ABOUT THIS TASK:
Output all of the data exactly, keeping any images out of the copy.

DATA EXCERPT:
»»
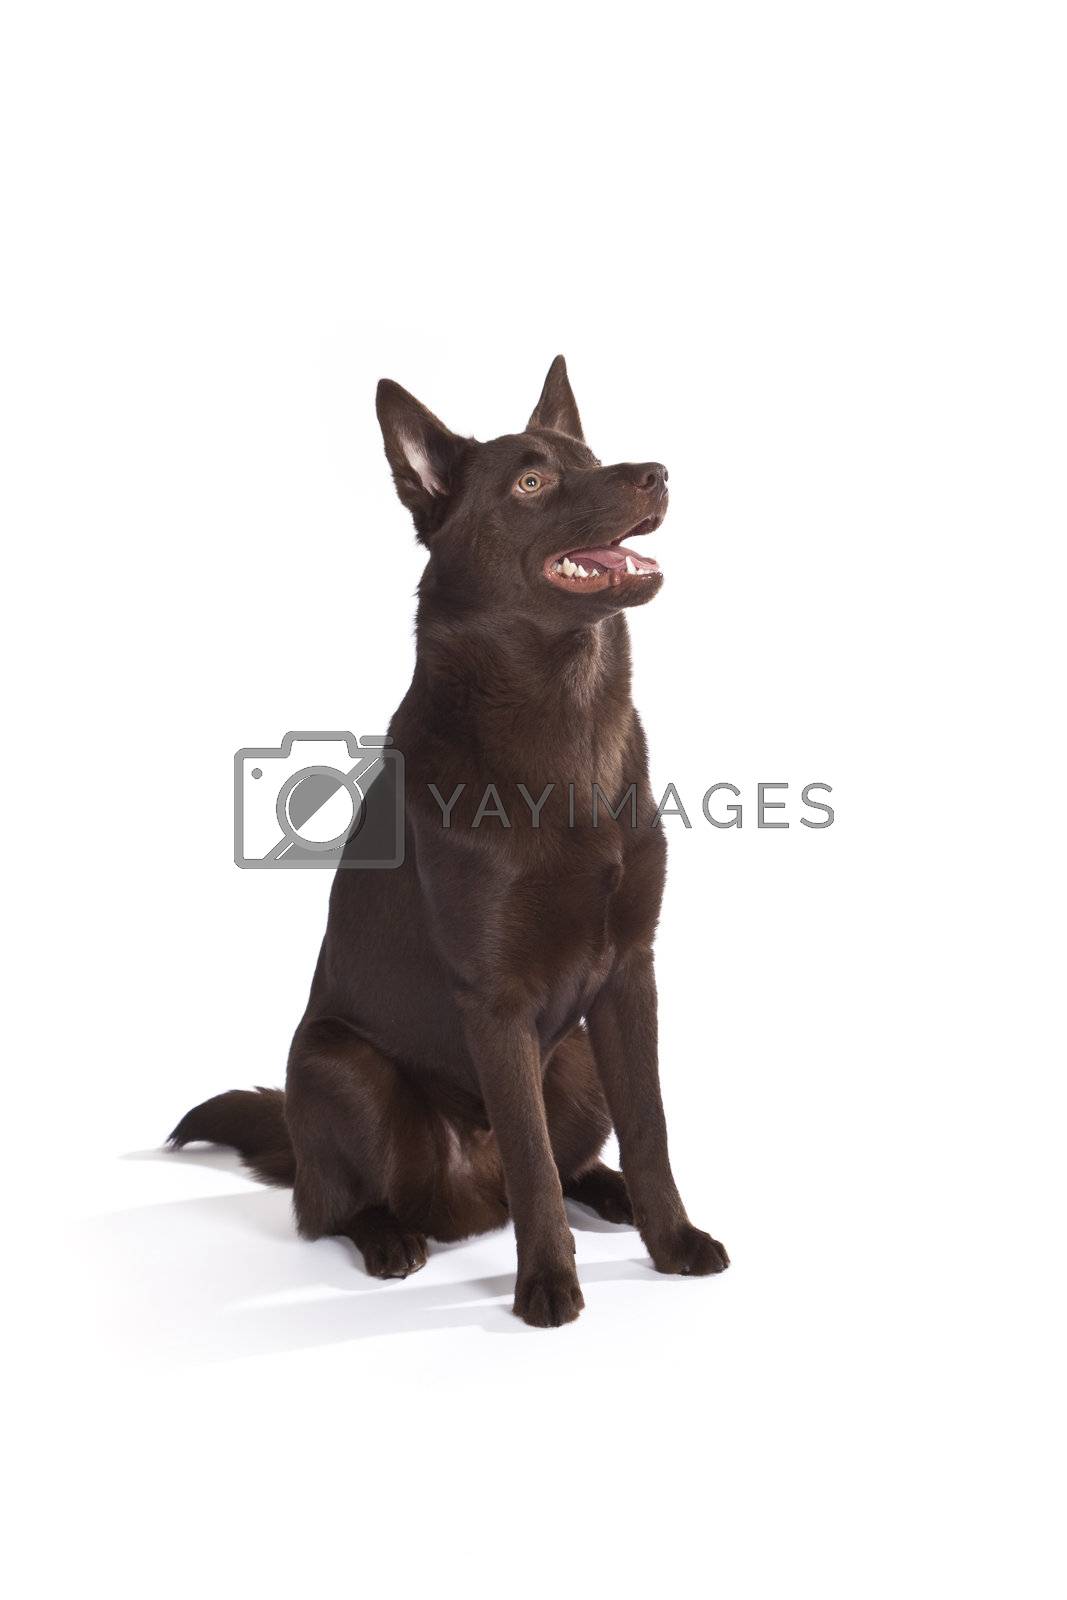 Royalty free image of Cute and funny australian Kelpie by mjp
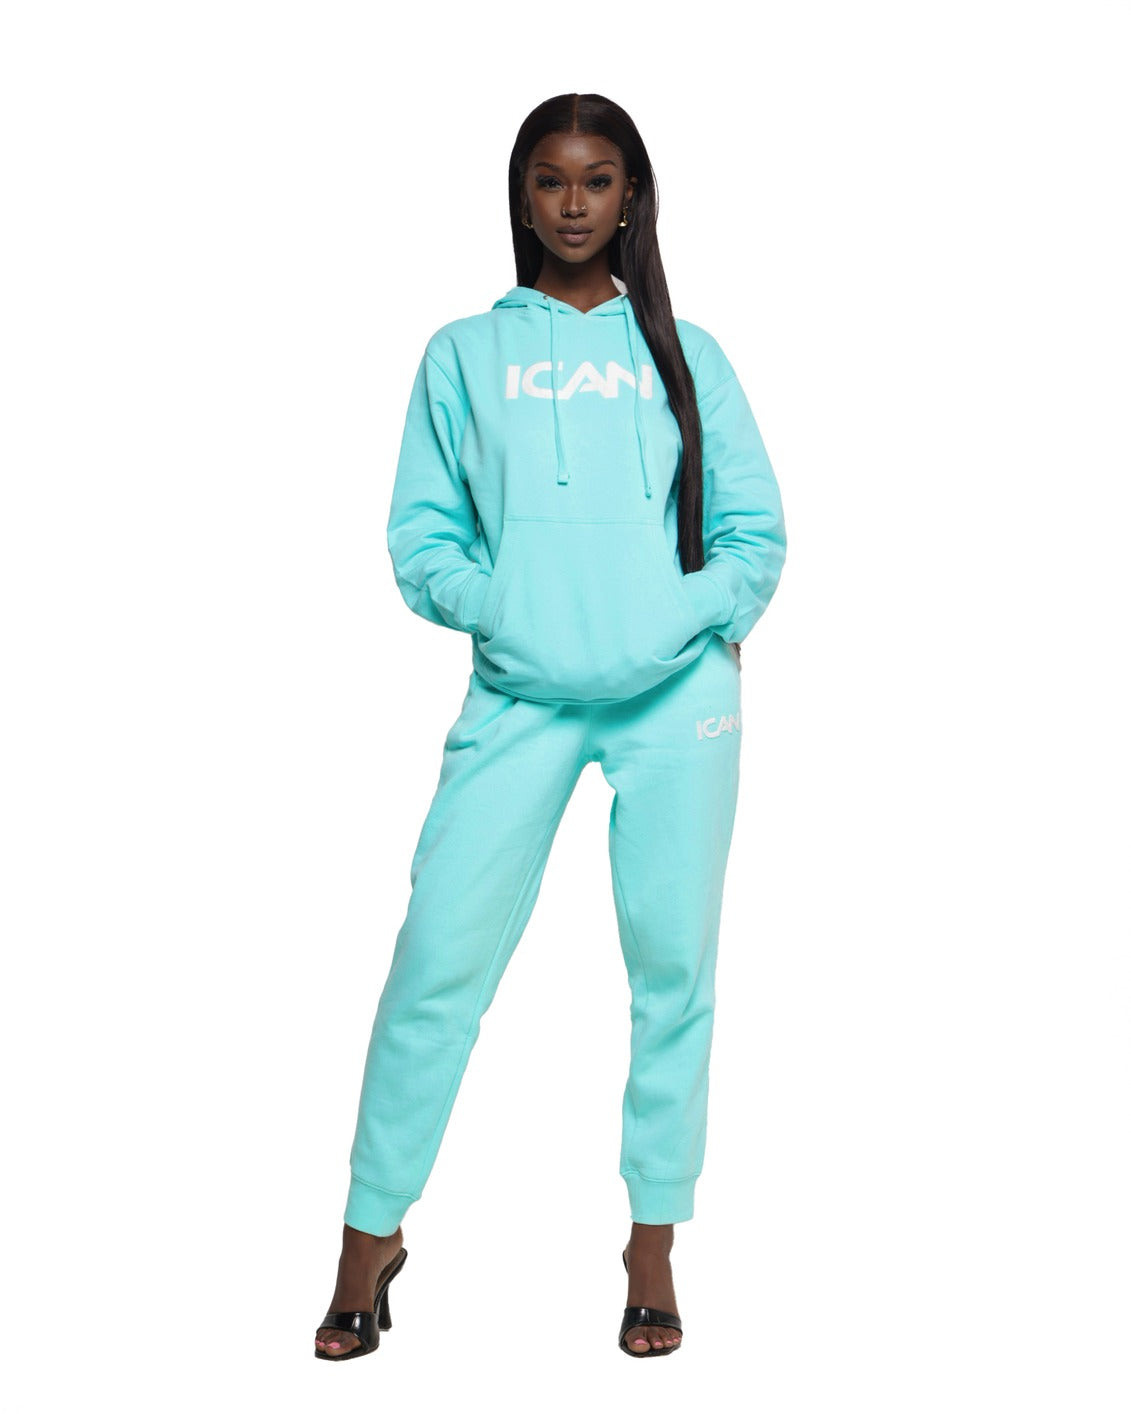 Baby Blue ICAN Jogger Set
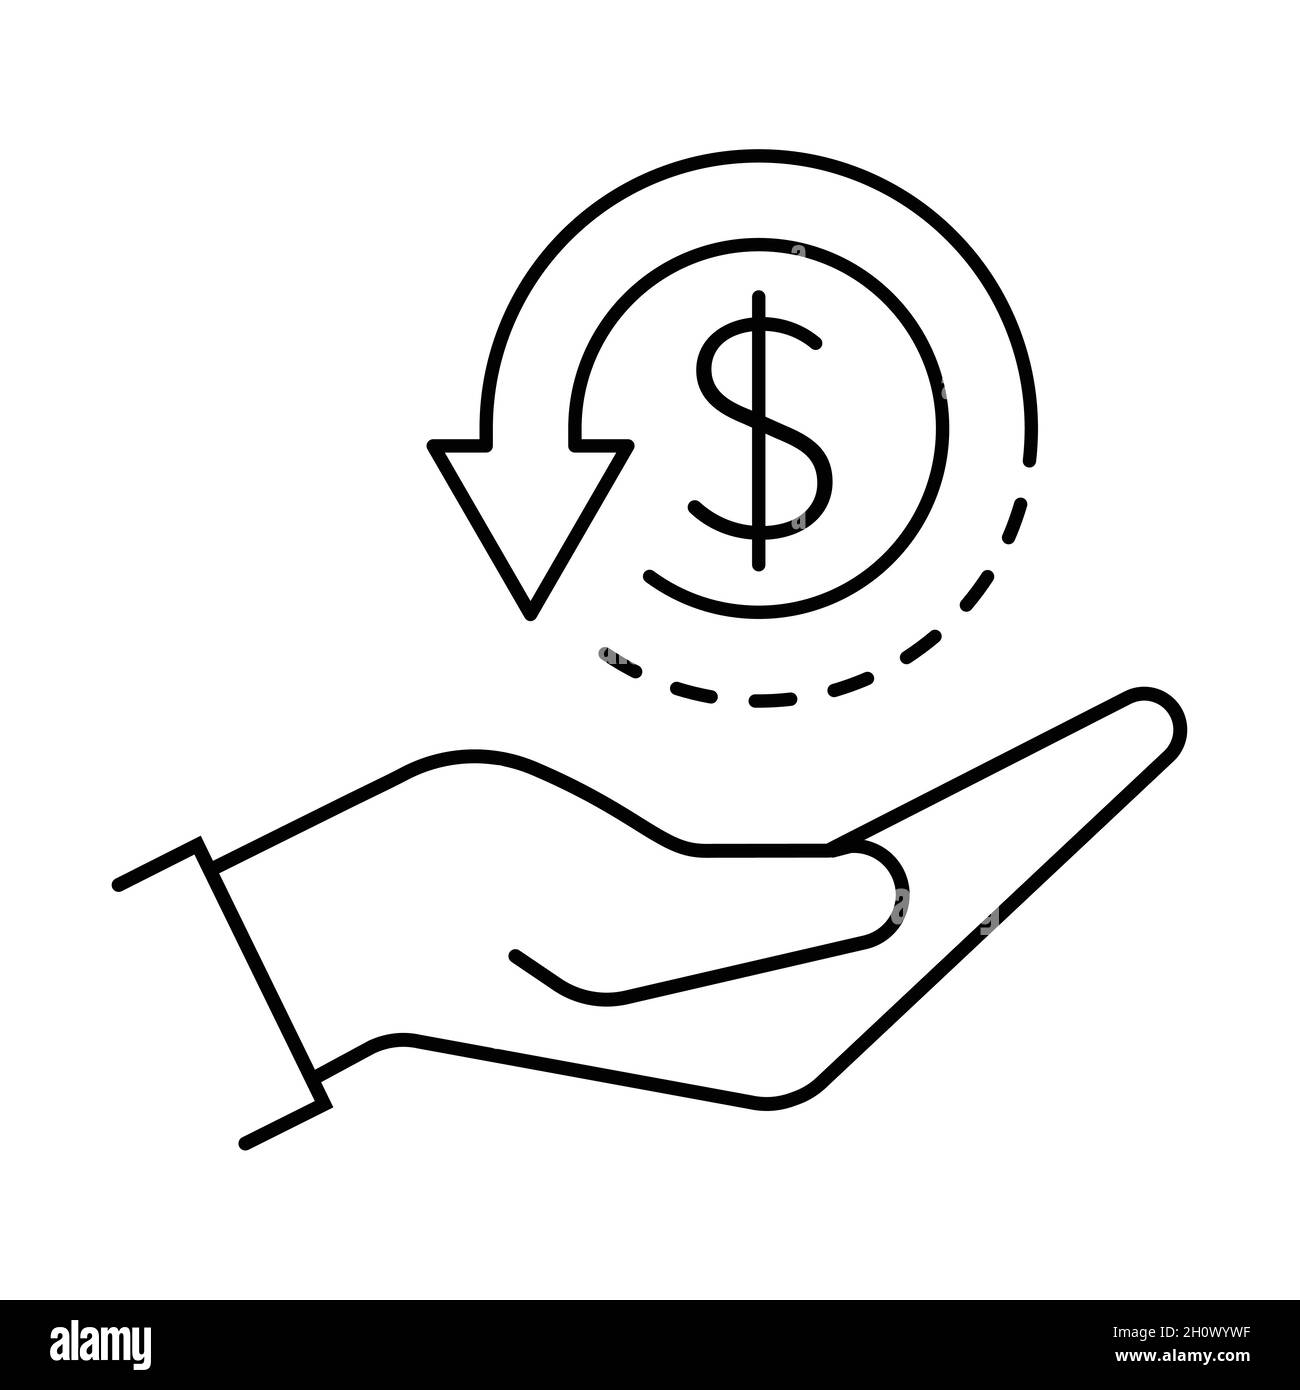 cashback-icon-vector-return-money-cash-back-rebate-hand-and-coin-sign
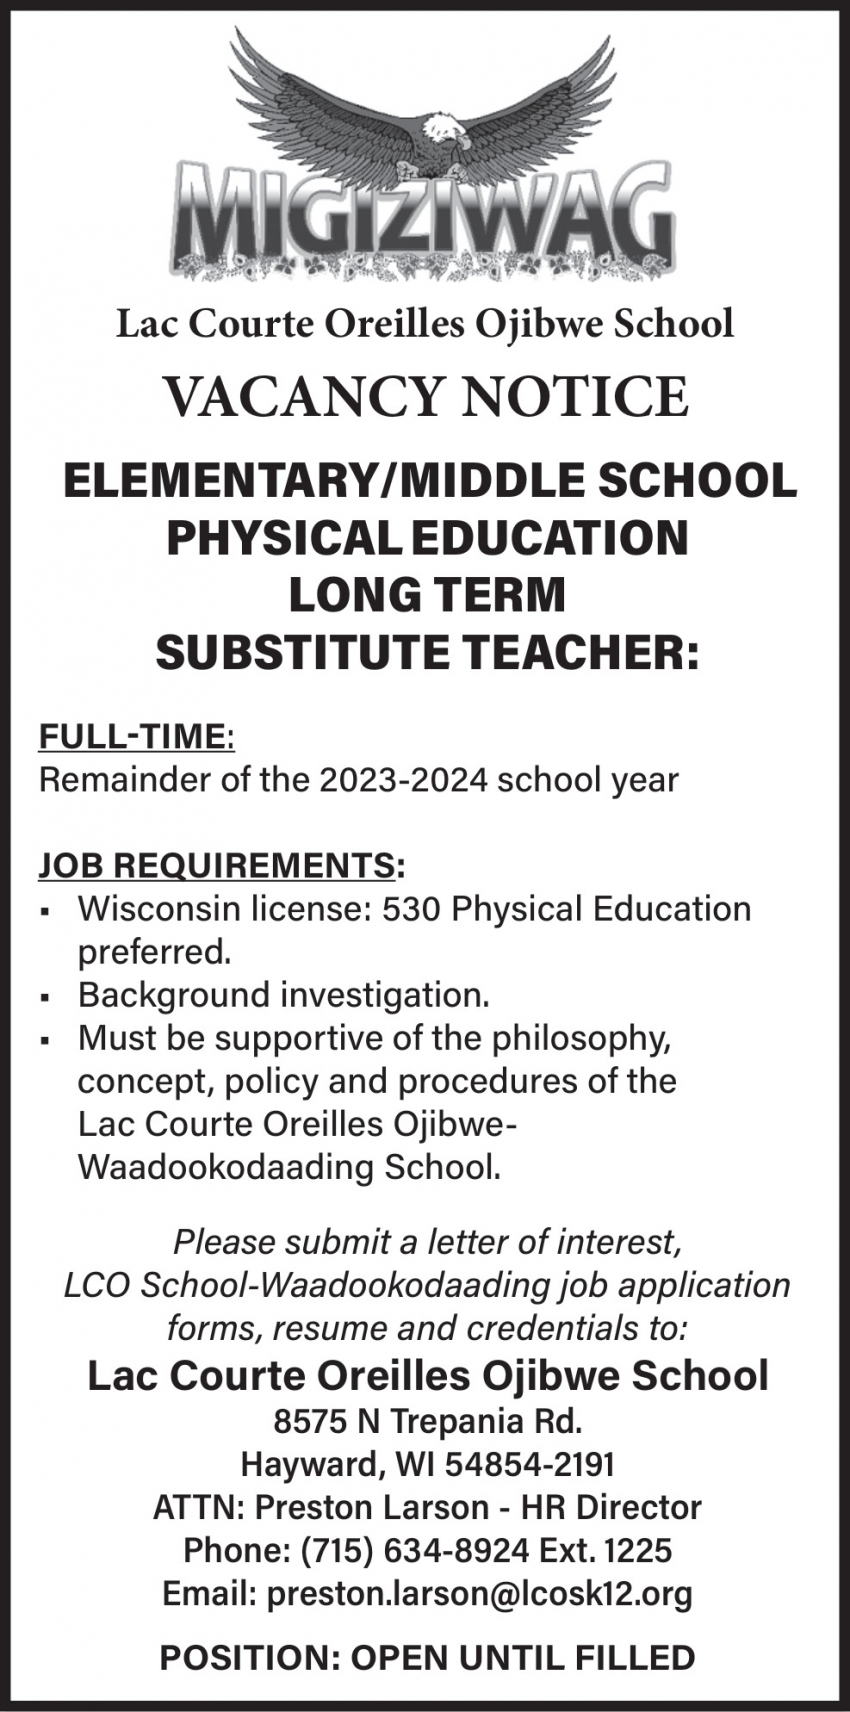 Elementary/Middle School Physical Education Long Term Substitute Teacher
««
TASK SOLUTION:
 Royalty free image of Cute and funny australian Kelpie by mjp
 Baby Blue ICAN Jogger Set
 cashback-icon-vector-return-money-cash-back-rebate-hand-and-coin-sign
 Elementary/Middle School Physical Education Long Term Substitute Teacher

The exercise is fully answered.